Crony capitalism and hypocrisy in Silicon Valley

Peter Thiel is a supporter of libertarian causes and of the Republican Party's extreme right-wing. Individual rights and liberties, and limiting the role of government are at the centre of libertarian ideology. It's therefore ironical that Silicon Valley's pre-eminent libertarian, described as one of the leading public intellectuals by his boosters in the academia, is the promoter of a start-up which engages in surveillance activities which intrudes into individual privacy and contracts primarily with governments. 

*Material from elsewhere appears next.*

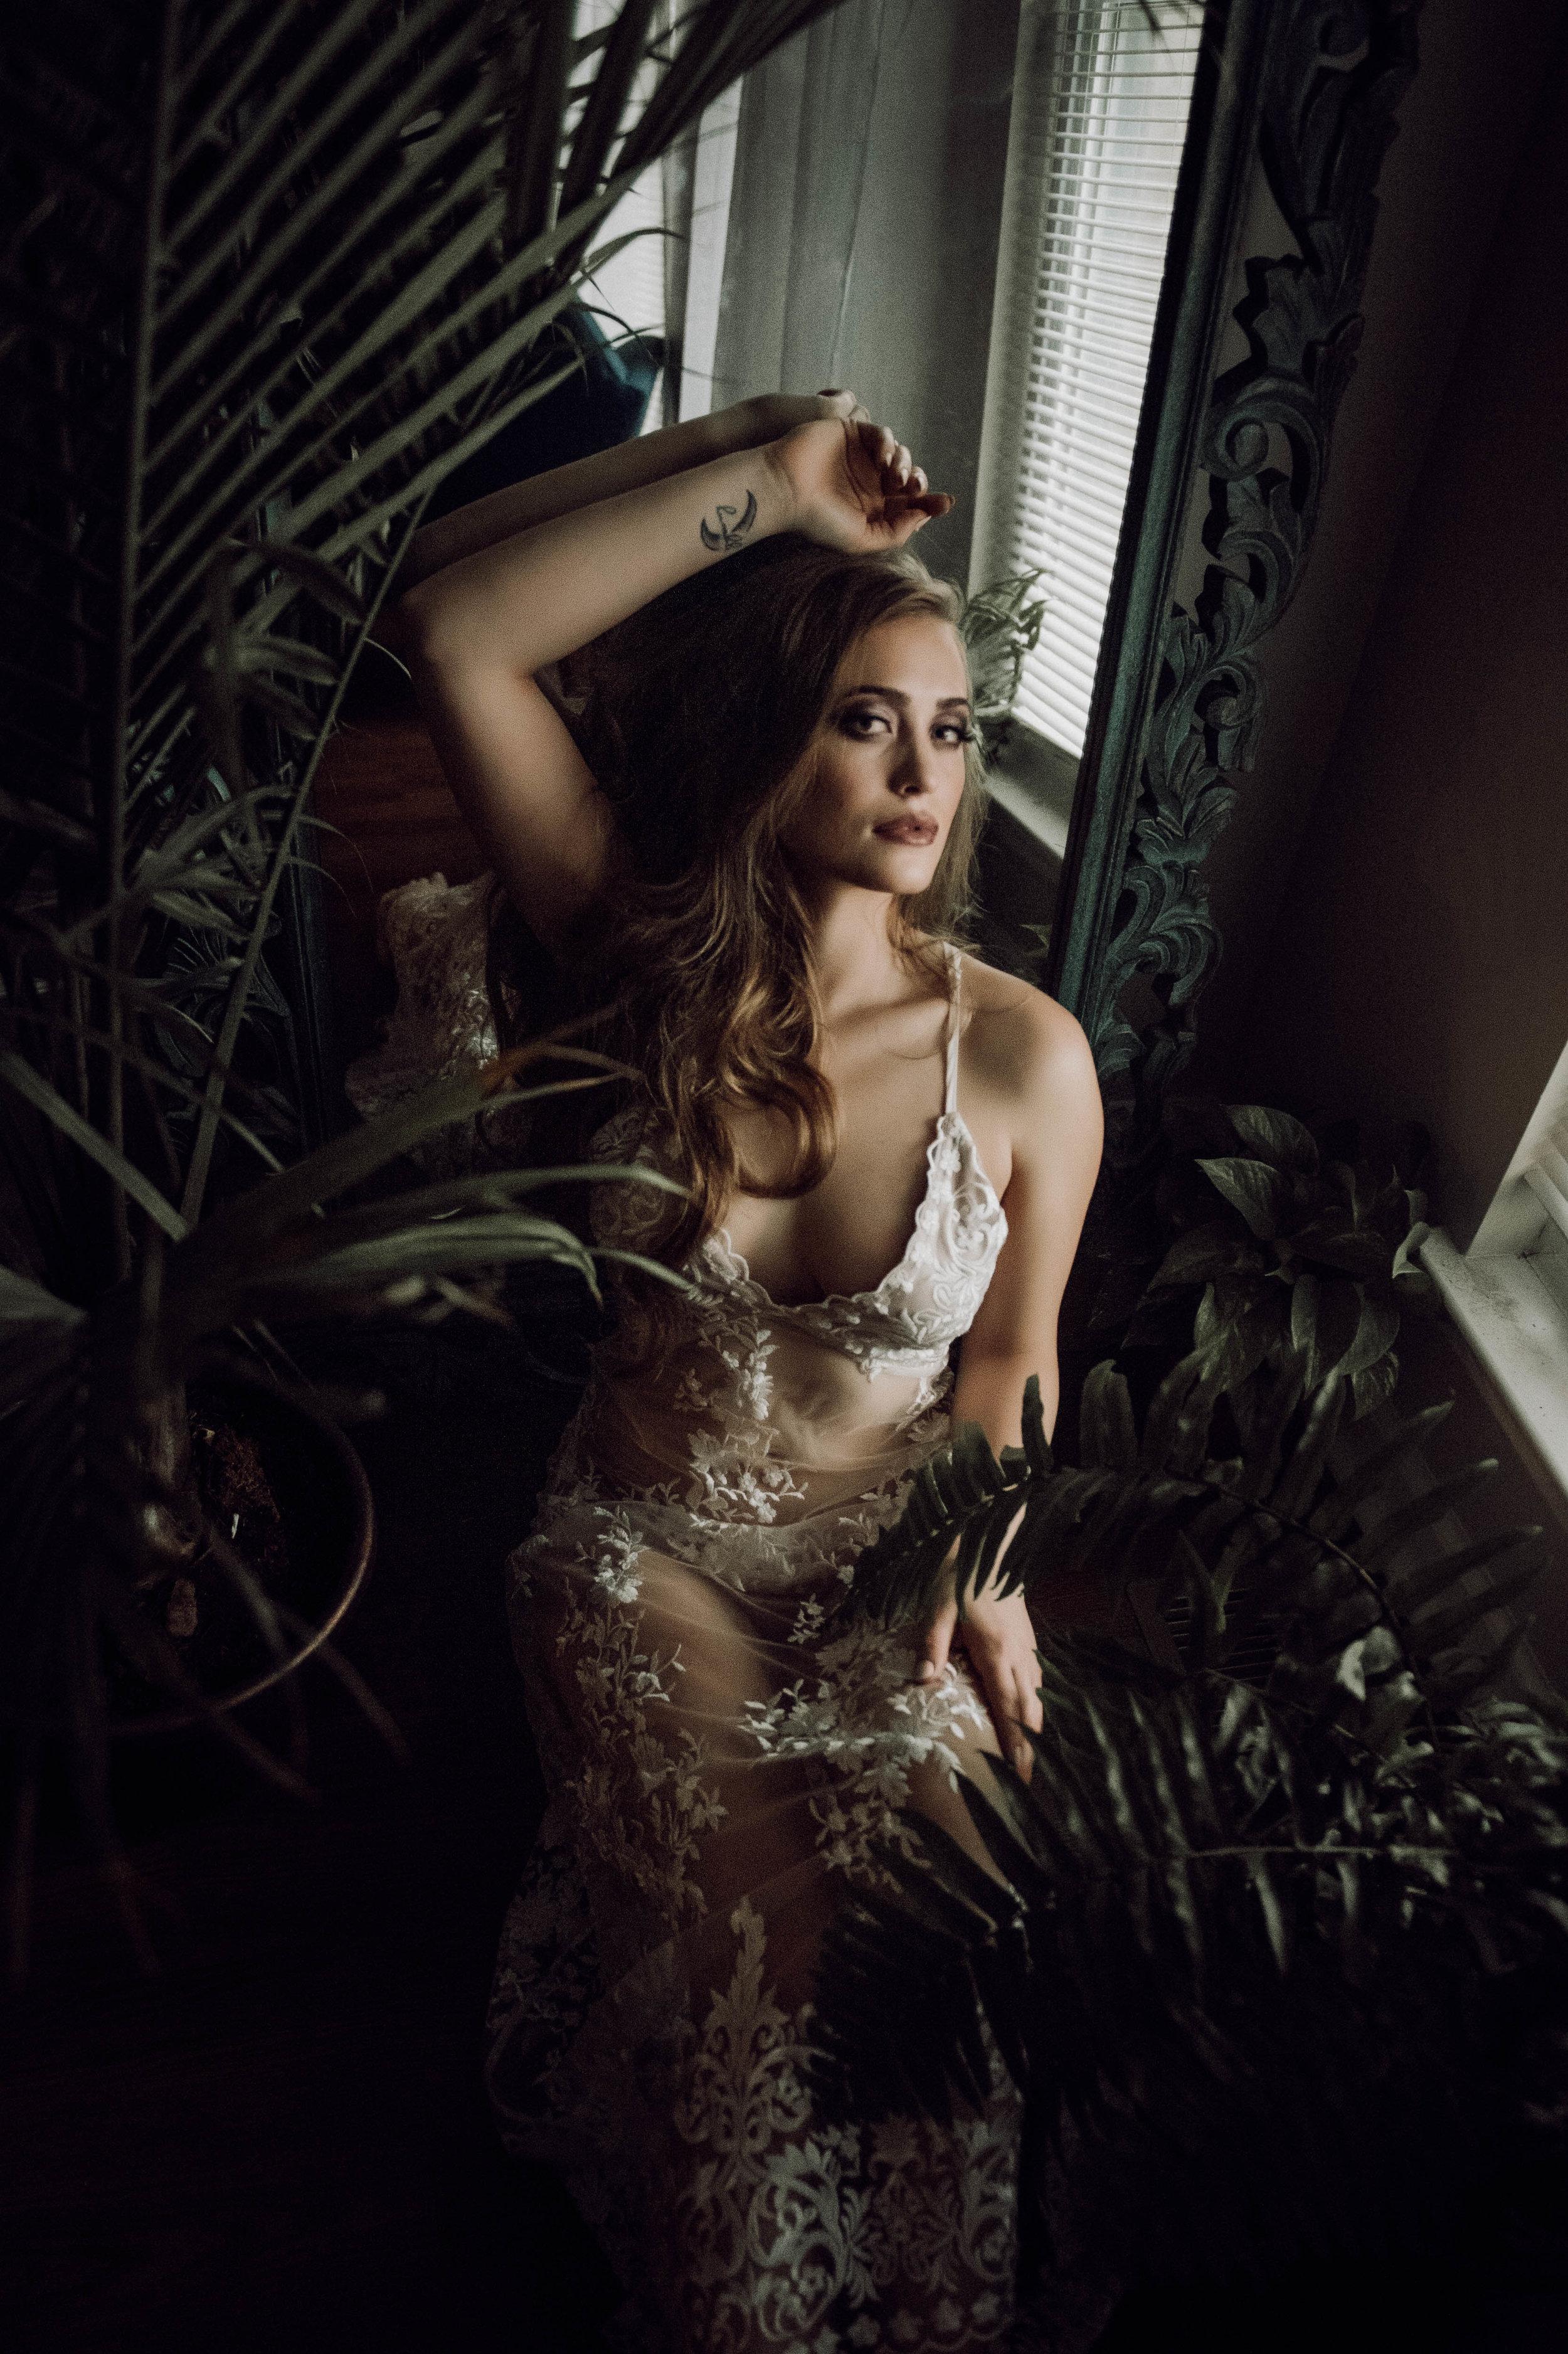 Beautiful blonde in white bodysuit mirror bedroom boudoir photography new york city studio

Thiel is a promoter of Palantir, a $17 bn data analytics firm whose primary business includes capturing and analysing individual data for national security and law enforcement organisations. Helping the state on citizen surveillance, which infringes on individual privacy, is central to its work. Palantir is heavily reliant on government contracts which make up more than half of its revenues. Its contracts in the US with CIA and local police departments have courted controversies and allegations of preferential treatment. Now the same is happening in Europe

Palantir has positioned itself as a uber-nationalist company, declaring its commitment to national security issues and avoid business with China and others not allied with US interests. Thiel being one of the biggest Republican donors and a big Trump supporter, there have been several allegations that Palantir has benefited preferentially from US government contracts. 

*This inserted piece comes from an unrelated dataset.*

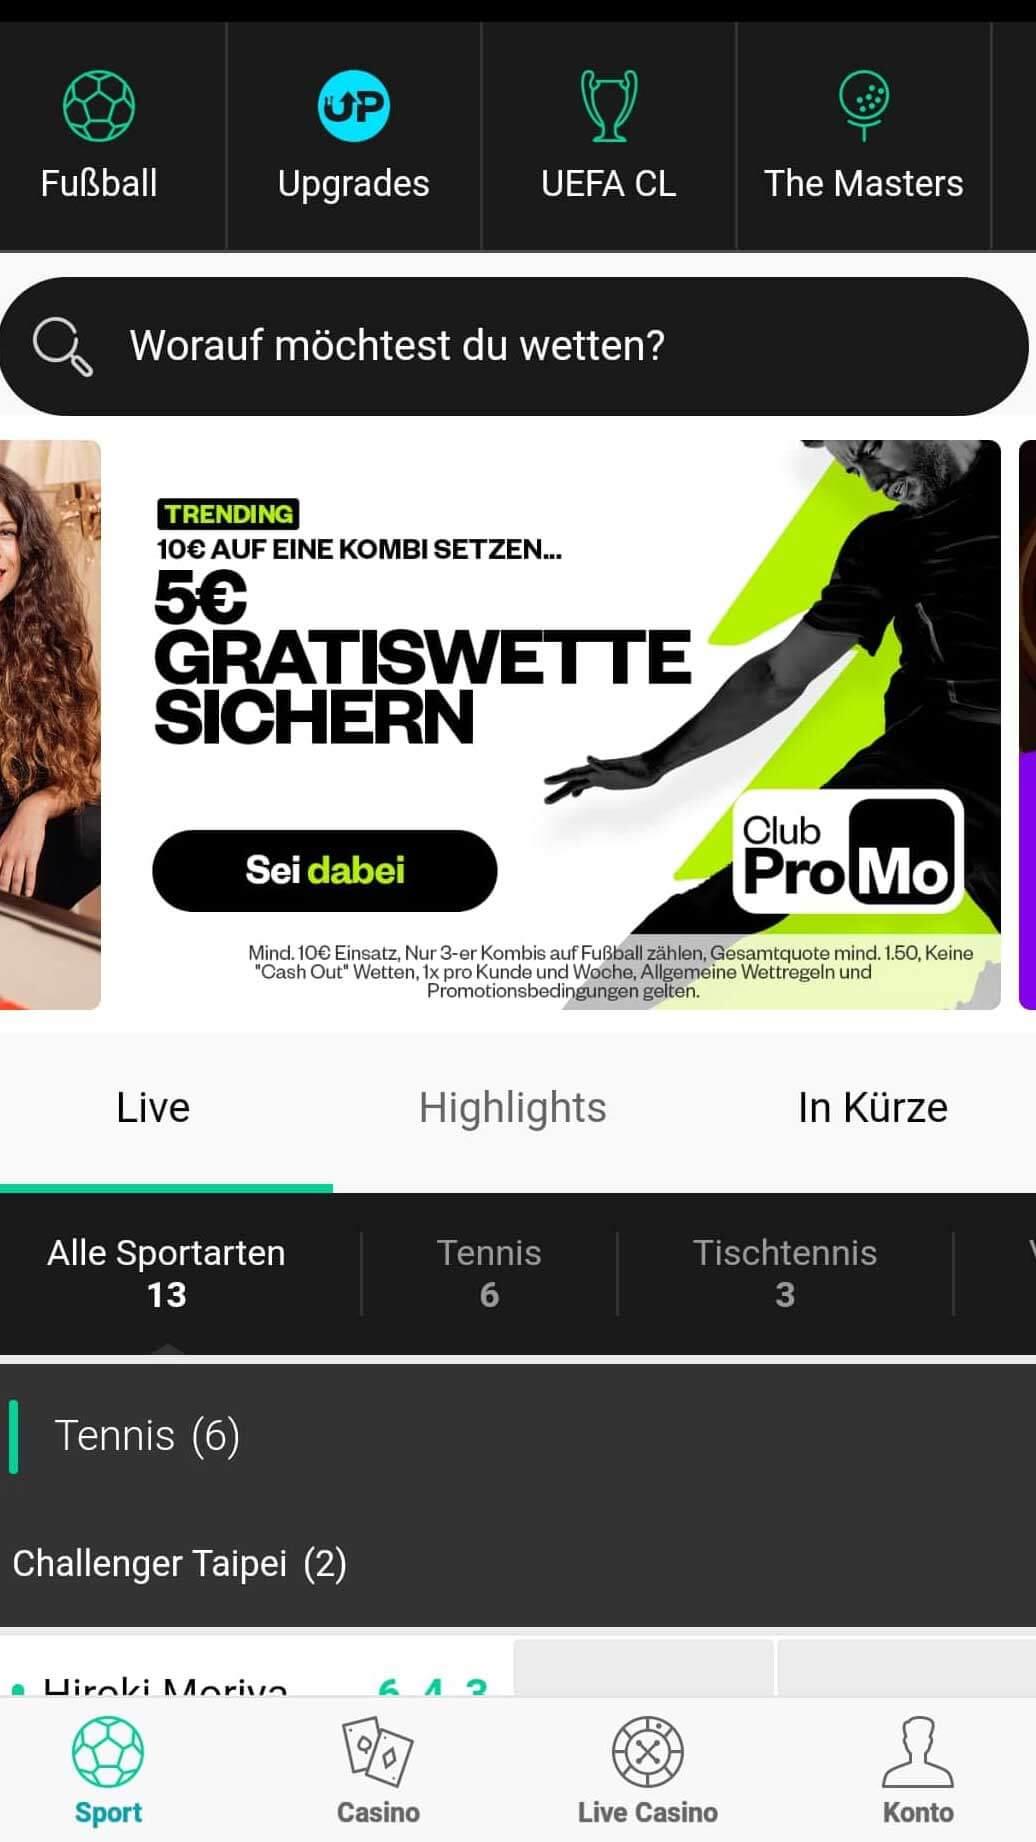 hight resolution of moplay app download f r ios android bewertung 2019 moplay app pferdewetten online

To the extent crony capitalism is the existence of mutually beneficial relationship between business and government, Peter Thiel and Palantir should count as its totemic example in the world of Big Tech.

On a related note, and in the context of the failure of the Silicon Valley Bank, Thiel's Founders Fund advised its portfolio companies to move deposits to other lenders amidst concerns about SVB's health, thereby amplifying the run on the Bank. 

In the 48 hours before the Fed stepped in, almost 500 VCs signed a statement saying they would encourage portfolio companies to keep using SVB if it were recapitalised — though two of the biggest, Andreessen Horowitz and Founders Fund, were both absent from that list.

Scott Galloway described Thiel and Co's actions during the SVB crisis as that of "venture catastrophists"  

Several hundred VC firms signed a letter committing to keeping their business with SVB, intended to make the asset more attractive to an acquirer. More interesting than who signed the letter was who didn’t. In sum, venture capital firms that have a vested interest in destabilizing the banking system and the dollar, via crypto investments, have morphed from Americans to agents of chaos. I believe Marc Andreessen or Peter Thiel could have stopped the run with one tweet. They chose not to.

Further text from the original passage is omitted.